KR20050053699A - Production of l-aldonolactone - Google Patents

Abstract

The present invention provides a process for the production of L- aldonolactone from L-aldohexose, especially for producing L-gulono-1,4- lactone or L-gulonic acid from L-gulose and producing L-galactono-1,4- lactone or L-galactonic acid from L-galactose by a microorganism belonging to the genus Pseudomonas or the genus Gluconobacter.

Description

Production method of L-aldonolactone {PRODUCTION OF L-ALDONOLACTONE}

The present invention relates to a method for producing L-aldonolactone by microorganisms belonging to the genus Pseudomonas or Gluconobacter from L-aldohexose.

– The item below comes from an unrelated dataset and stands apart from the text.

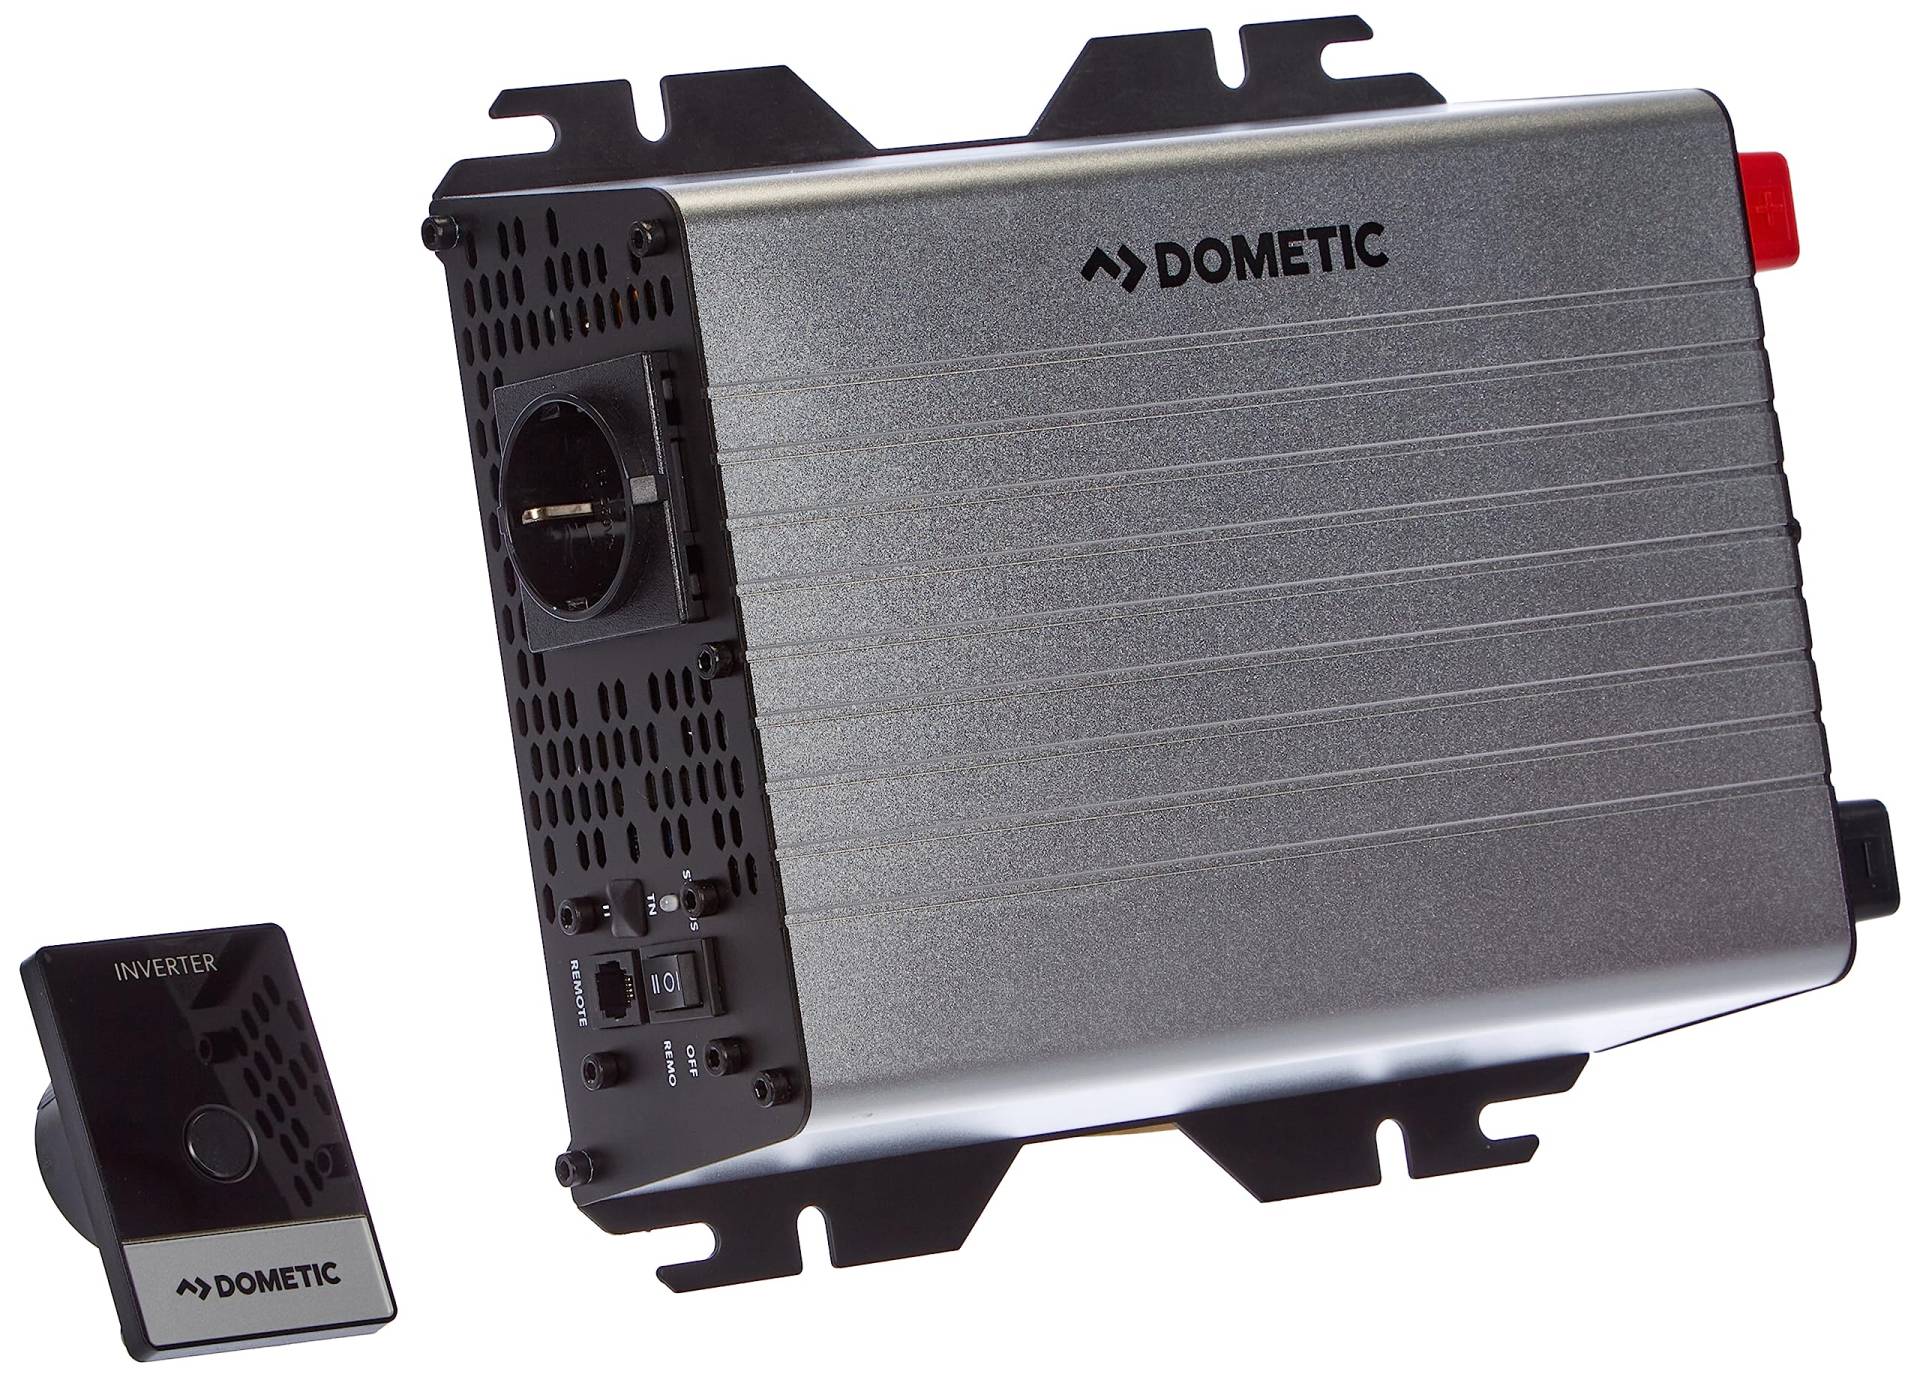 DOMETIC DSP 1012 Sinus-Wechselrichter, 1.000 W, 12 V I Mobile "Steckdose" für unterwegs, Spannungswandler, Umwandler von DOMETIC
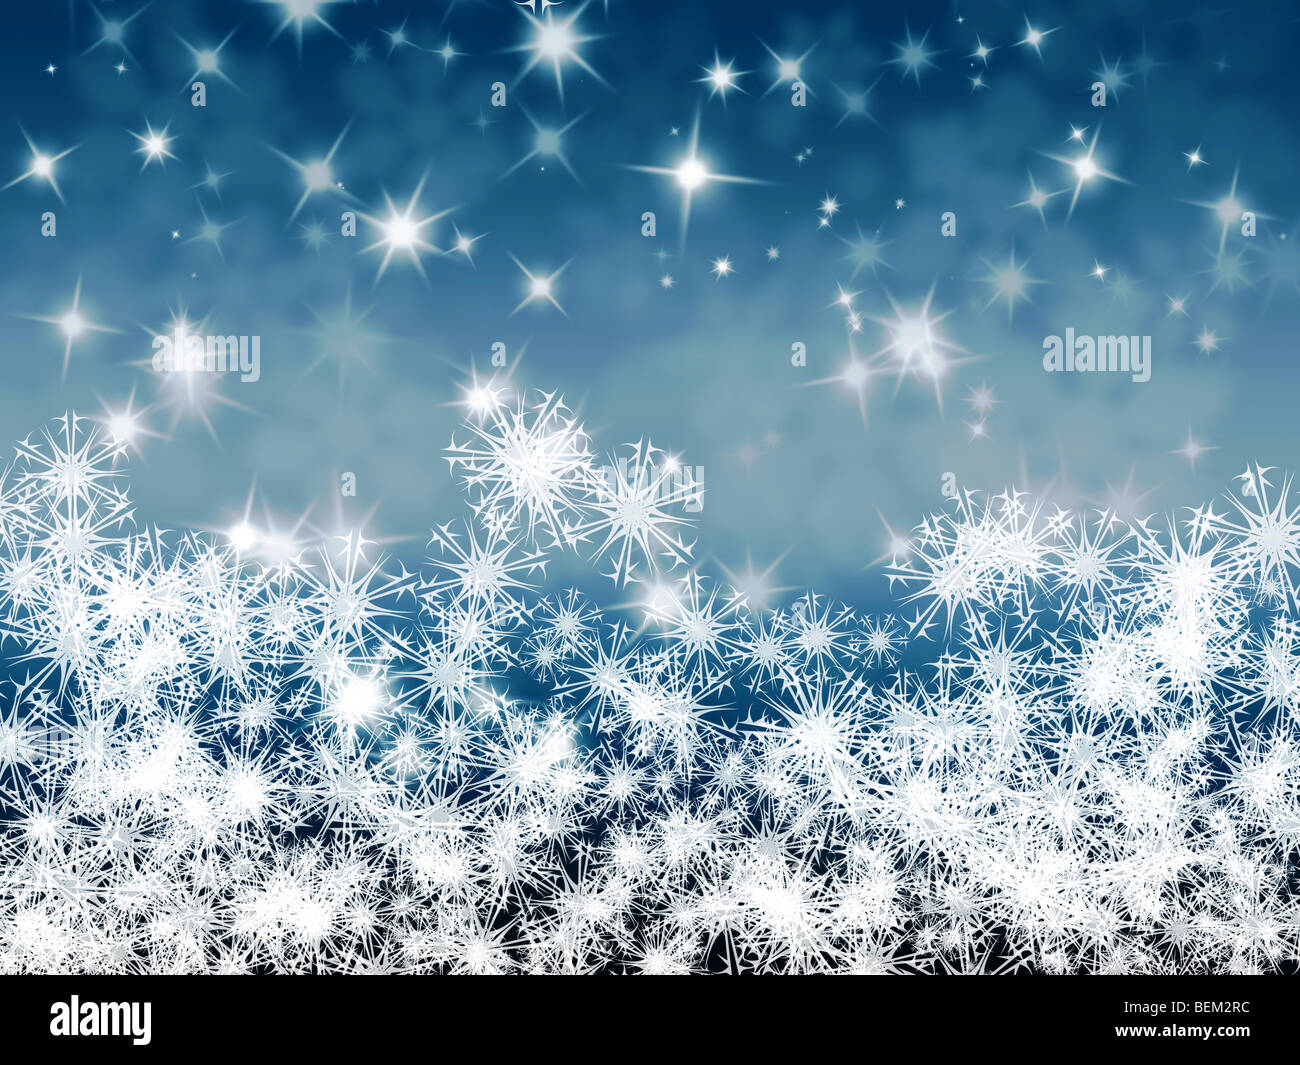 Blauer Schneeflocken Weihnachten Hintergrund mit Funken und Sterne auf der  Hintergrund jedoch unscharf Stockfotografie - Alamy

 L-aldonoractone, L-gulono-1,4-lactone and L-galactono-1,4-lactone, are intermediates in the biosynthesis of L-ascorbic acid (vitamin C) by animals and plants, respectively. to be. Proposed pathways for the synthesis of vitamin C in animals are initiated from D-glucose to intermediate D-glucose-6-phosphate, D-glucose-1-phosphate, UDP-D-glucose, UDP-D-glucuronic acid Proceeds to produce the final product, Vitamin C, via D-glucuronic acid, L-gulonic acid, L-gulono-1,4-lactone and 2-keto-L-gulono-1,4-lactone. . The proposed route for the synthesis of vitamin C in plants is initiated from D-glucose to intermediate D-glucose-6-phosphate, D-fructose-6-phosphate, D-mannose-6-phosphate, GDP-D- Mannose, GDP-L-galactose, L-galactose-1-phosphate, L-galactose, L-galactono-1,4-lactone and 2-keto-L-galactono-1,4-lactone Proceeds to produce the product vitamin C.

The study of the possibility of biotechnological synthesis of vitamin C has been carried out for several years since the "Reichstein method" was founded in 1934. Microbial Gluconobacter oxydans DSM 4025, Candida albicans and Saccharomyces cerevisiae oxidize L-galactono-1,4-lactone to vitamin C . Saccharomyces cerevisiae and Candida albicans D promote the production of D-arabino-1,4-lactone and L-galactono-1,4-lactone from D-arabinose and L-galactose, respectively. Contains arabinose dehydrogenase However, the possibility of preparation of biological vitamin C from L-idose, L-gulose and L-talose with an intermediate (C4 and C5 positions) corresponding to that of another L-hexose, ie, vitamin C, as an intermediate There are no reports yet for.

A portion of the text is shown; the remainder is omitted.